THE YEWS: (Rustling) She is right, our sister. Whisper. (Whispered kisses are heard in all the wood. Faces of hamadryads peep out from the boles and among the leaves and break, blossoming into bloom.) Who profaned our silent shade?
THE NYMPH: (Coyly, through parting fingers) There? In the open air?
THE YEWS: (Sweeping downward) Sister, yes. And on our virgin sward.
THE NYMPH: (With wide fingers) O, infamy!
BLOOM: I was precocious. Youth. The fauna. I sacrificed to the god of the forest. The flowers that bloom in the spring. It was pairing time. Capillary attraction is a natural phenomenon.
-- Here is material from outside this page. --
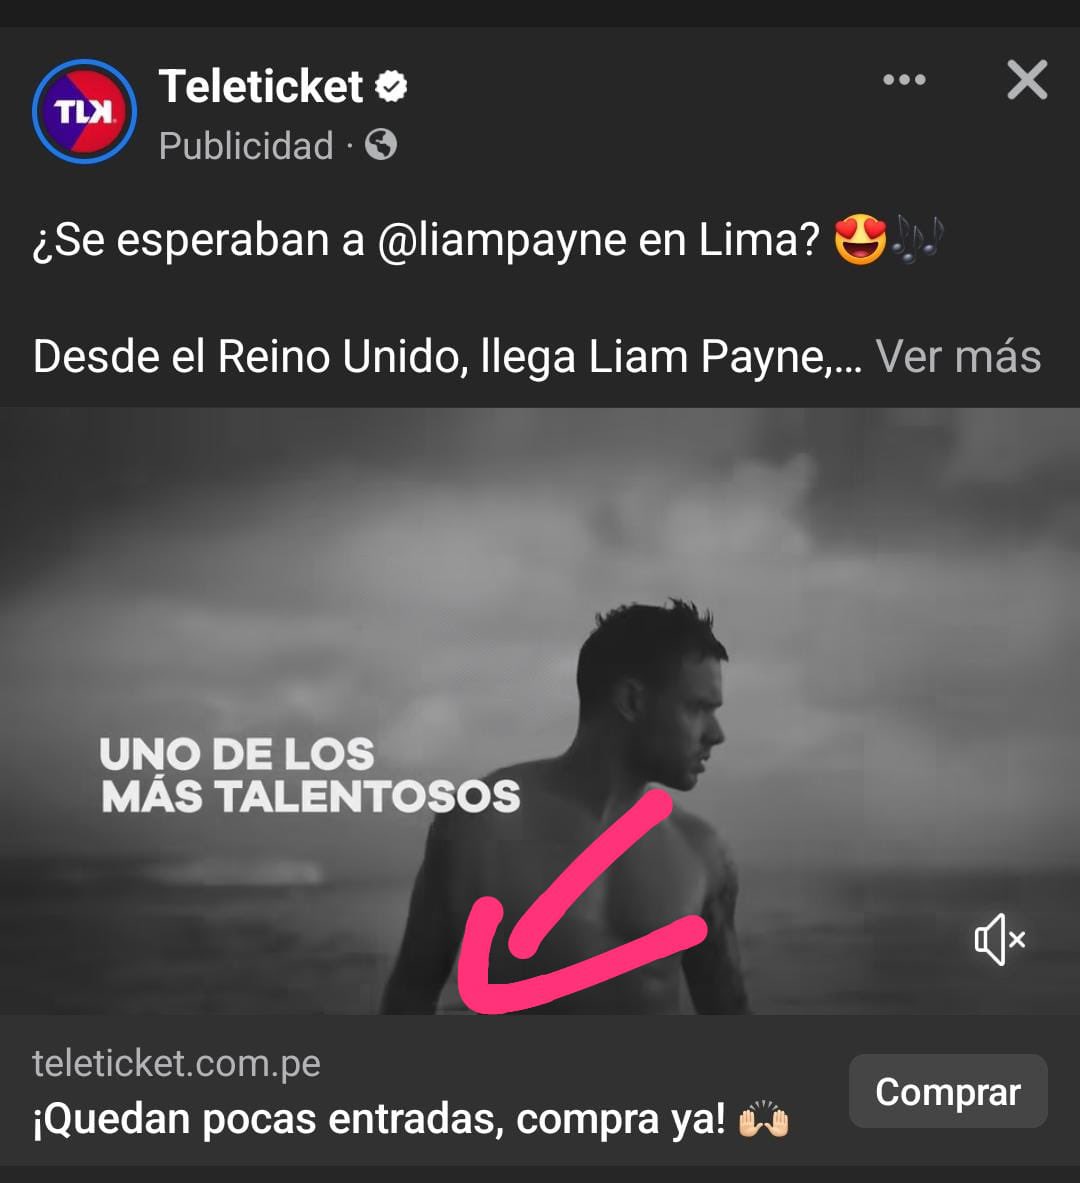 [INFO] PERU! 🇵🇪 TELETICKET publico que quedan pocas entradas de preventa! No te vayas a quedar sin la tuya🧐 Compra ya! 🔗 teleticket.com.pe/liam-payne-lim… #LIAMPAYNEINPERU @LiamPayne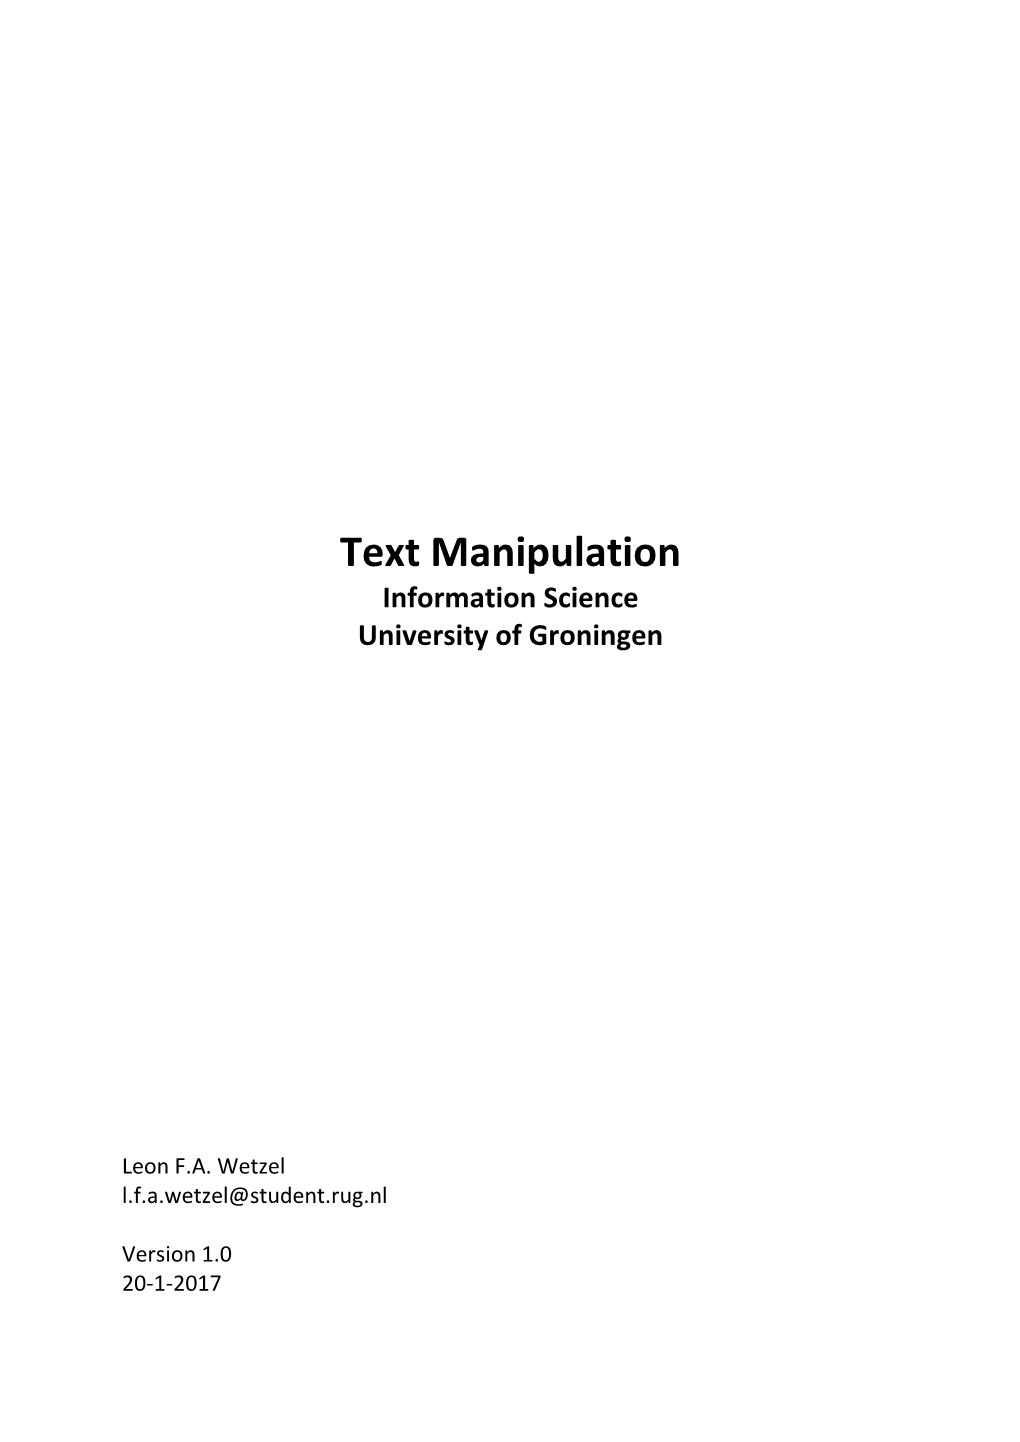 Text Manipulation Information Science University of Groningen

Lotty Clarke, flaxenhaired, I saw at her night toilette through illclosed curtains with poor papa's operaglasses: The wanton ate grass wildly. She rolled downhill at Rialto bridge to tempt me with her flow of animal spirits. She climbed their crooked tree and I... A saint couldn't resist it. The demon possessed me. Besides, who saw?
(Staggering Bob, a whitepolled calf, thrusts a ruminating head with humid nostrils through the foliage.)
STAGGERING BOB: (LARGE TEARDROPS ROLLING FROM HIS PROMINENT EYES, SNIVELS) Me. Me see.
BLOOM: Simply satisfying a need I... (With pathos) No girl would when I went girling. Too ugly. They wouldn't play...
(High on Ben Howth through rhododendrons a nannygoat passes, plumpuddered, buttytailed, dropping currants.)
THE NANNYGOAT: (Bleats) Megeggaggegg! Nannannanny!
BLOOM: (Hatless, flushed, covered with burrs of thistledown and gorsespine) Regularly engaged. Circumstances alter cases. (He gazes intently downwards on the water) Thirtytwo head over heels per second. Press nightmare. Giddy Elijah. Fall from cliff. Sad end of government printer's clerk. (Through silversilent summer air the dummy of Bloom, rolled in a mummy, rolls roteatingly from the Lion's Head cliff into the purple waiting waters.)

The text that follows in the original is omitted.